# Standard Integrals

## Helpful Integrals to Simplify Tricky Problems

Solving tricky problems can be made easier by keeping a few key integrals in mind. These integrals not only help us streamline our work, but also provide a framework for solving similar problems.

### Trigonometric Integrals

Not all trigonometric integrals are simple, especially those involving basic trigonometric functions. Let's explore the integrals of some common trigonometric functions.

#### The Integral of Cosecant

Finding the integral of cosec (ax) dx, where a is a constant, may seem daunting at first. However, by using a simple trick we can make it much more manageable.

Multiplying the integral by -sin (ax), is equivalent to multiplying by 1. This gives us: ∫ -sin(ax)cosec(ax)dx.

Next, we use the substitution: u = sin (ax), which means du = a cos (ax) dx. Substituting this in the integral gives us: -∫ u du.

The solution is: -u^2 / 2 + C

Remember to add the integration constant at the end. So, the final answer is: -sin^2 (ax) / 2 + C.

#### The Integral of Secant

The integral of sec (ax) dx can also be solved using the same trick.

First, we define u = cos (ax), with a as the constant. Then, we multiply the integral by cos (ax), giving us: ∫ cos (ax) sec (ax) dx.

Substituting u into the integral, we get: ∫ u du. After integrating, the final answer is: cos^2 (ax) / 2 + C.

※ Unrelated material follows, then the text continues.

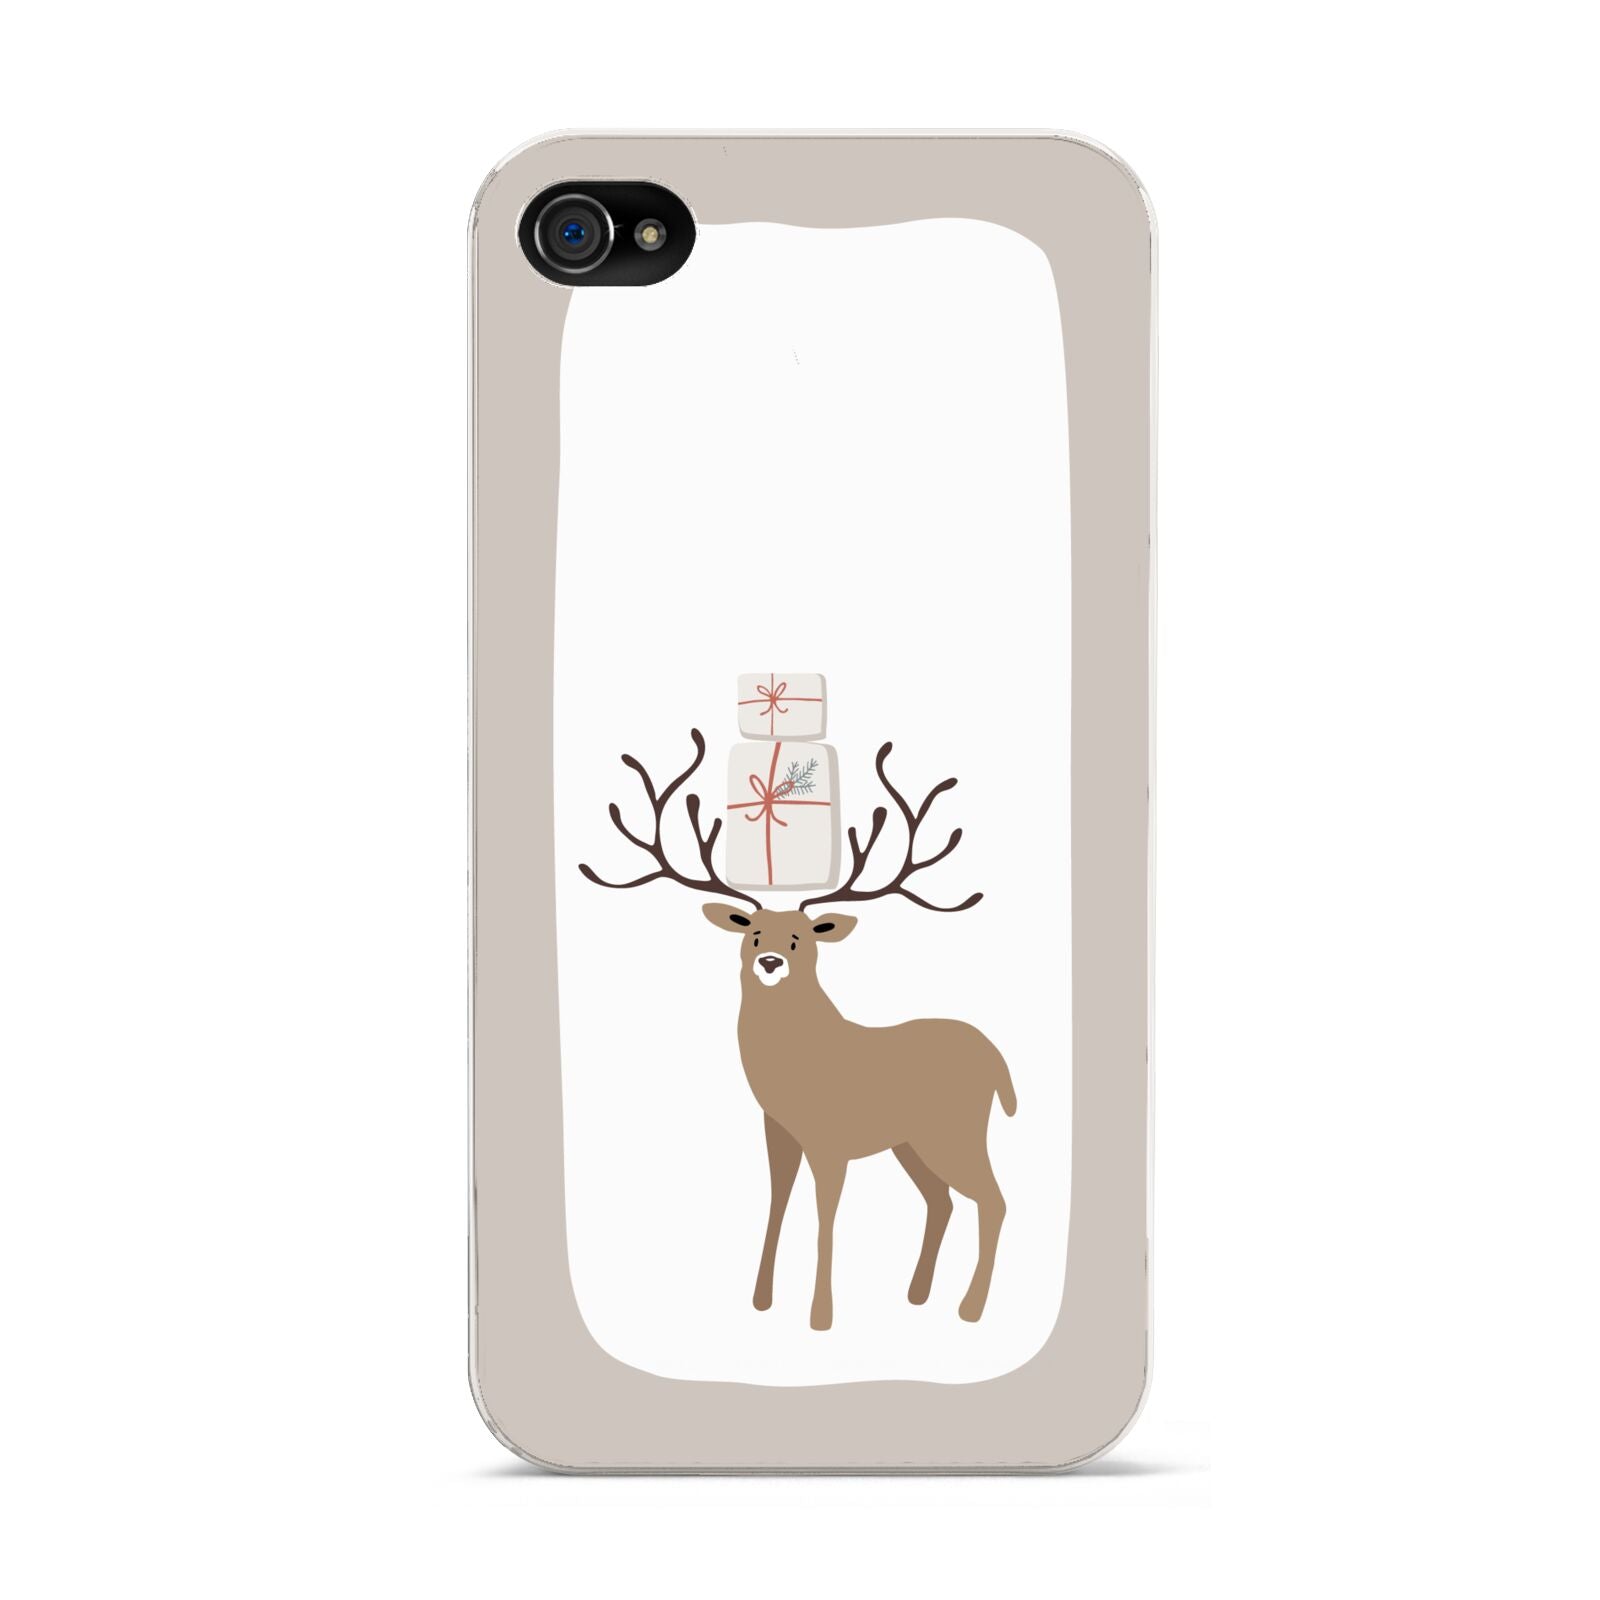 Reindeer Presents Apple iPhone 4s Case

#### The Integral of Cotangent

The integral of cot (ax) dx requires a different approach and does not need an additional trick.

Defining u = tan (ax), with a as the constant, we can rewrite the integral as: ∫ 1 / u du.

Using the laws of logs, the solution is: ln |u| + C. Substituting u = tan (ax), the final answer is: ln |tan (ax)| + C.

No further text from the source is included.